The majority of the student’s information is stored electronically in the financial aid system’s database. To insure that only authorized personnel can access this database, a username (assigned code) and personalized password are required to log on to the computer. Staff are instructed to not write their passwords down, and to change their passwords frequently to maintain security. User accounts and usernames are tightly controlled by the system administrator. Student employees who must have access to the computer records are closely supervised and can only access the system with the assistance of an authorized staff member.
Students have the right to inspect and review their personal financial aid application records maintained by Caltech. In the case of dependent students, schools may provide parents access toinspect and review the student’s financial aid application records maintained by the Institute. We are not required to provide photocopies of information in the student’s financial aid records unless it is impossible for the student and/or parent to inspect the records personally. (Although allowed by law) the Institute will not charge a fee for photocopies.
Students have the right to request that a school correct records believed to be inaccurate or misleading. In the case of dependent students, schools may allow parents to see records believed to be inaccurate or misleading. If we decide not to amend the records, the student then has the right to a formal hearing. If the record is still not changed in response to the hearing, the student has the right to place a statement in the record commenting on the contested information.
Generally, we must have written permission from the student before releasing any information from the student’s financial aid record. However, the law allows us to disclose records, without consent, to the following:
- Employees of the Institute, the U.S. Department of Education, the California Student Aid Commission, other school’s financial aid offices, scholarship donors, or lenders and guarantors who have a “need-to-know.”
- An auditor designated to audit the college/university Financial Aid Office.
- Individuals or agencies who have obtained court orders or subpoenas.
- Persons who need to know in cases of health and safety emergencies.
- State and local authorities to whom disclosure is required by State Laws adopted before November 19, 1974.
Statistical information, that does not personally identify a student, will be released to any Caltech department, government agency, or scholarship service which has a “need-to-know.”
To insure that information is not released to the public before discussing ANY information concerning a student’s application, awards, etc., positive identification must be provided by the person requesting the information (e.g., driver’s license number, school photo ID, or “personal knowledge”). Students’ cooperation in abiding by this policy is appreciated.
Confidentiality and Security of Records
Information contained in financial aid applications (as well as conversations with the student and family) is considered confidential and will not be released to the public.
- No information concerning the student’s application, award, eligibility, etc. (which identifies the student) will be made public except as follows:
- (a) Information may be released to specific parties with the student’s written permission.

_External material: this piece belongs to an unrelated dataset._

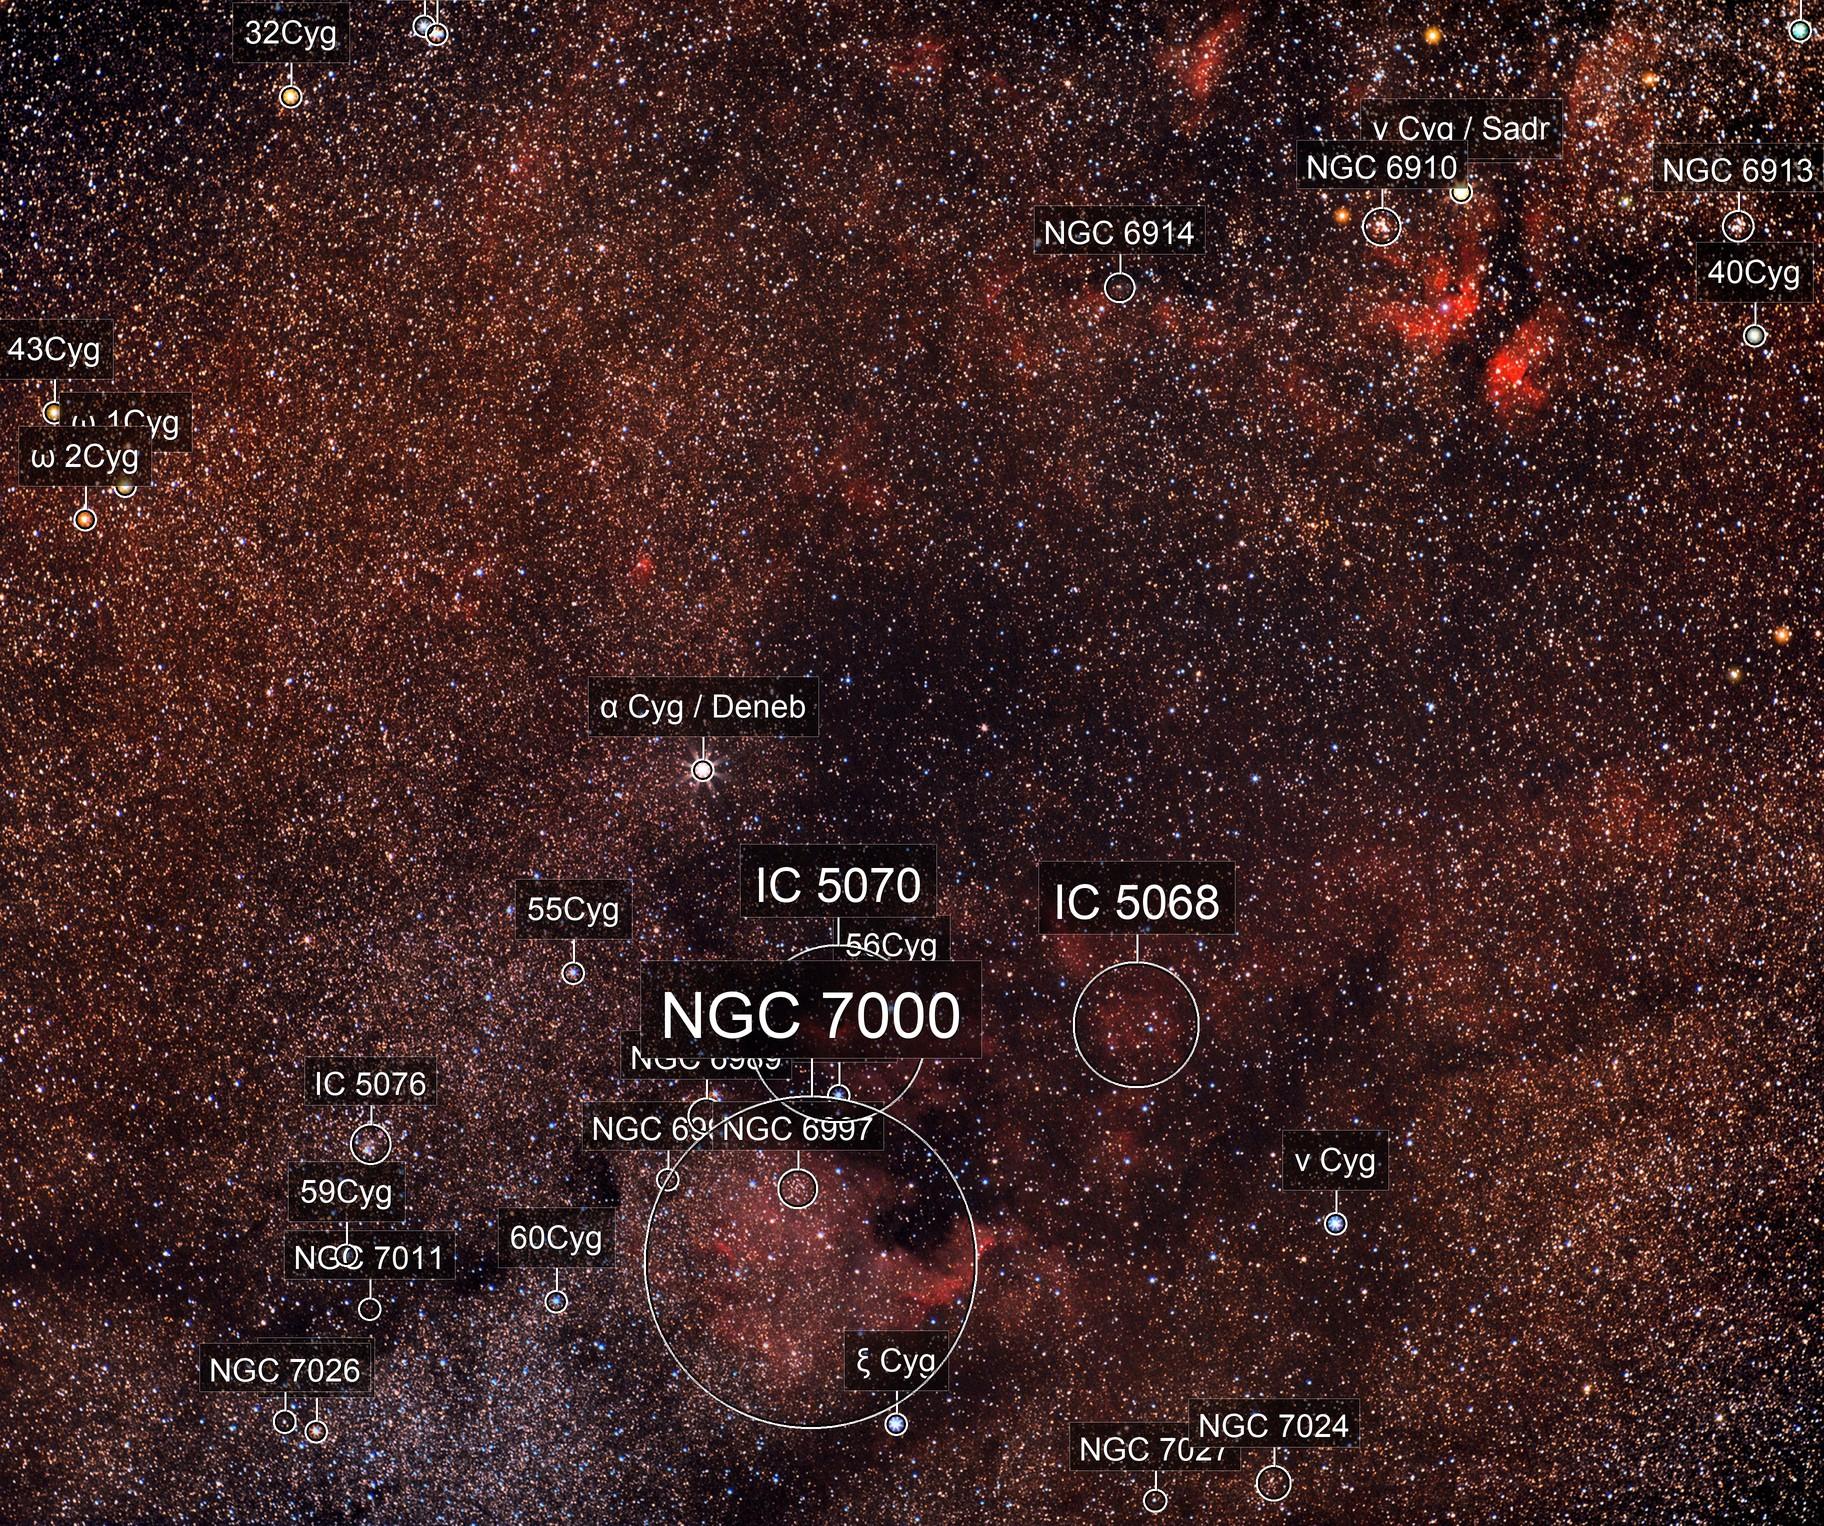 Cygnus Nebulae NGC7000 and Co / Old data sept 2016 / Canon 100Da + Samyang 85mm APO f/1.4
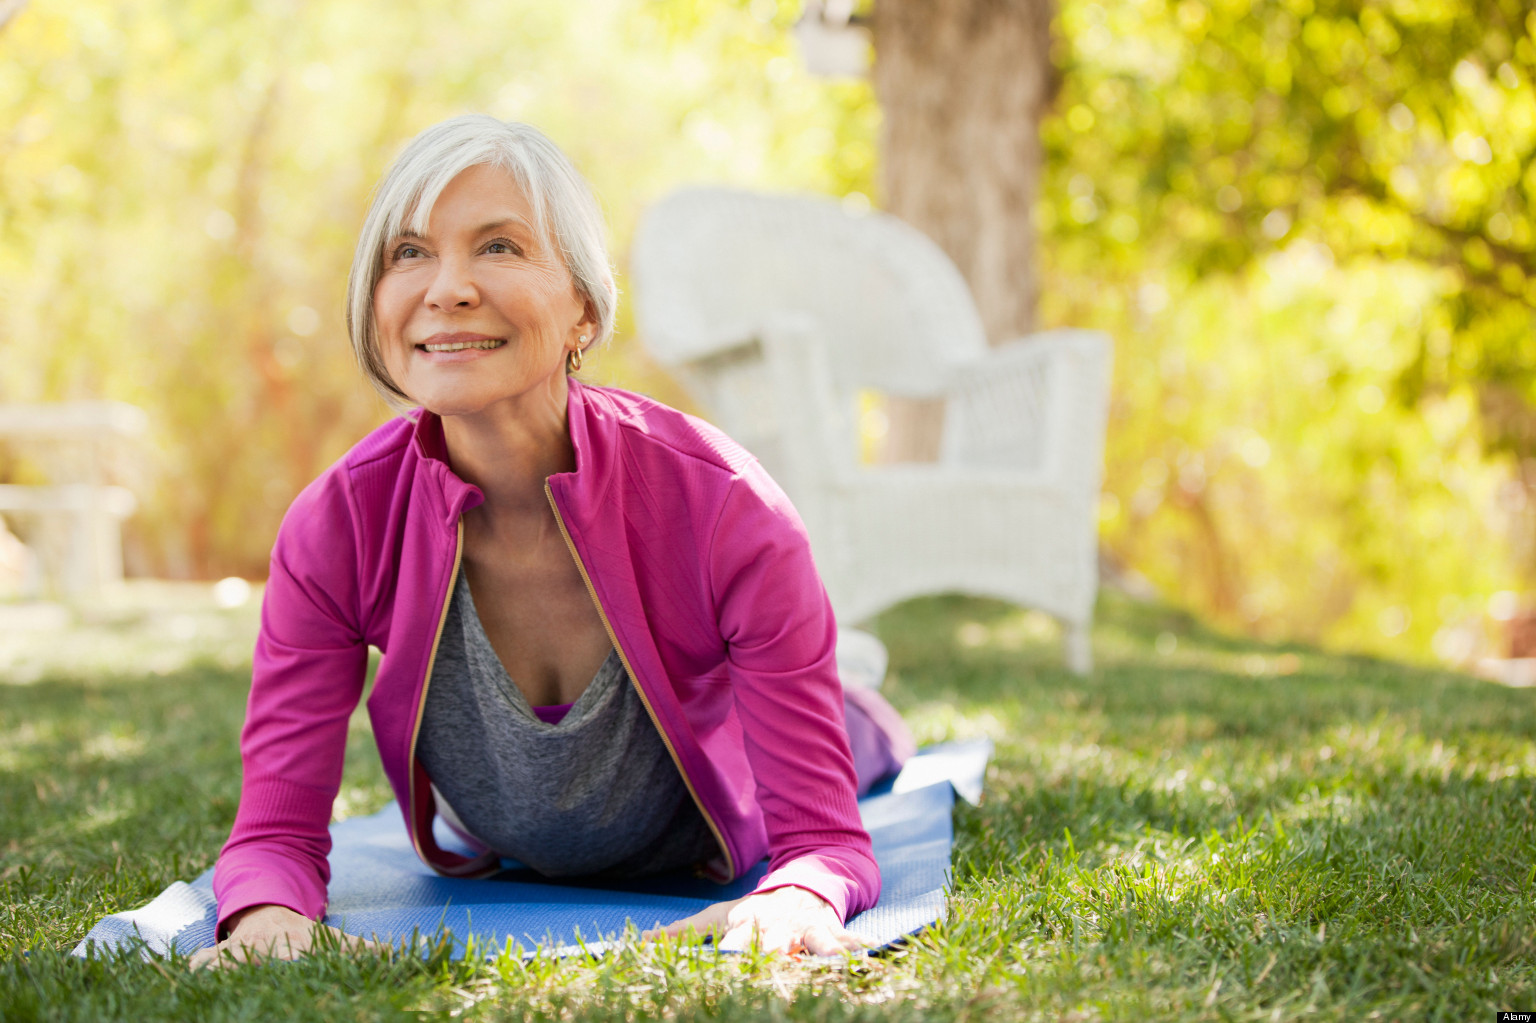 гимнастика кому за 60 лет

- (b) Information may be released to an Institute office, the U.S. Department of Education, and the California Student Aid Commission, on a “need to know” basis, without the student’s permission.
- (c) Information may be released to an auditor designated to audit the Financial Aid Office, without the student’s permission.
- (d) Information may be released to any other agency (e.g., the Justice Department) without the student’s permission, if we are so ordered by a court.
Procedures for Releasing Information
The following will be used in releasing information to third parties:
- DISCLOSURE INFORMATION – are exceptions where disclosures (other than “directory information”) in connection with financial aid can be made without the applicant’s permission to any third party having a valid “need to know”. The Financial Aid Office will only consider requests from departments within the Institute, other Financial Aid Offices, or lenders and guarantors (in regards to student loan applicants/recipients). All others will be referred to the Vice President for Student Affairs’ Office.
- STATISTICAL INFORMATION – that does not personally identify the applicant(s), will be released to any Institute department, governmental agencies, scholarship service, publisher, which has a valid “need to know”.
- CONFIDENTIAL INFORMATION – that personally identifies the applicant(s) will be released:
- (a) If the applicant has given written permission to release the information to a third party.
- (b) If requested by another college/university office which has responsibility in determining financial need before awarding their funds, or which must complete applications for funding or related reports requiring information contained in the financial aid applicant’s records.
- (c) If requested by an authorized representative of the Secretary of Education.
- (d) To enforce the terms or conditions of applications for or receipt of financial aid (e.g., to assist in an investigation, prosecution, or administrative discipline).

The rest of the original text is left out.